A separation of powers lies at the heart of Tunisia's crisis

Tunisia found itself in the biggest political turmoil since 2011 as the President ousted the government. Some fear gains of the revolution are at stake.

A police officer pushes back supporters of Tunisia's biggest political party, Ennahda, as they attempt to reach the parliament building in Tunis, Tunisia July 26, 2021.
Reuters

A police officer pushes back supporters of Tunisia's biggest political party, Ennahda, as they attempt to reach the parliament building in Tunis, Tunisia July 26, 2021.

Tunisian President Kais Saied sacked the Prime Minister, ousted the elected government, and froze the parliament in a move that caused the biggest political crisis in the country since the 2011 revolution.

His critics quickly called the escalation ‘a coup,’ as military vehicles surrounded the parliament and state television building. Saied warned that armed forces would respond to anyone who thinks of resorting to violence. Parliament Speaker Rached Ghannouchi said it was an assault on democracy.
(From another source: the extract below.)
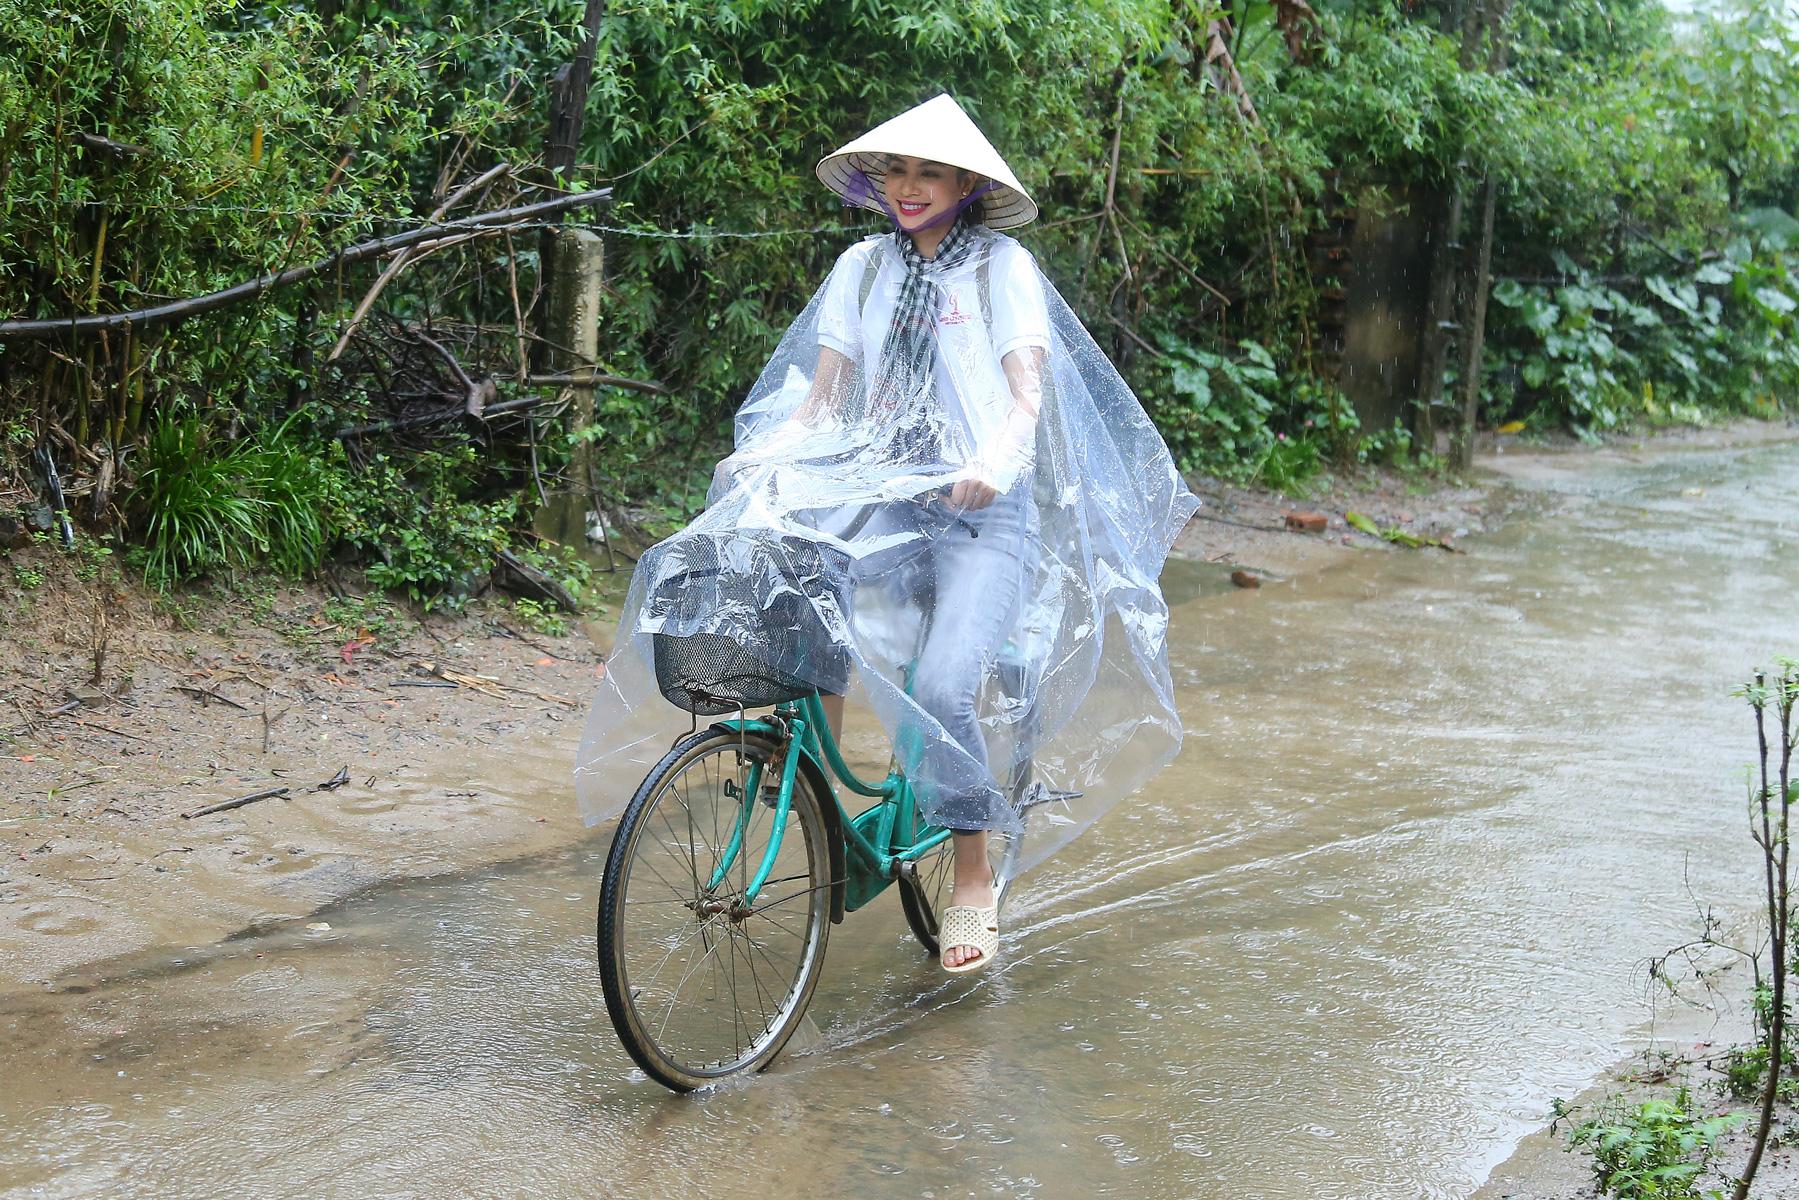 Hoa hậu Phạm Hương chạy xe đạp chở cụ già trong cơn mưa dầm 1

Here’s what you need to know about Tunisia's decade long experiment with democracy following the revolution. 

Demands of the revolution

It started with an act of self-immolation in December 2010. Mohamed Bouazizi, a young vendor who always faced police intimidation as he struggled to sell fruits, set himself alight, triggering a widespread protest movement that took the shape of a revolution by the spring of 2011. It brought the grudges caused by gruelling unemployment to the surface as well as corruption, repression, and decades of rule of autocratic leaders. 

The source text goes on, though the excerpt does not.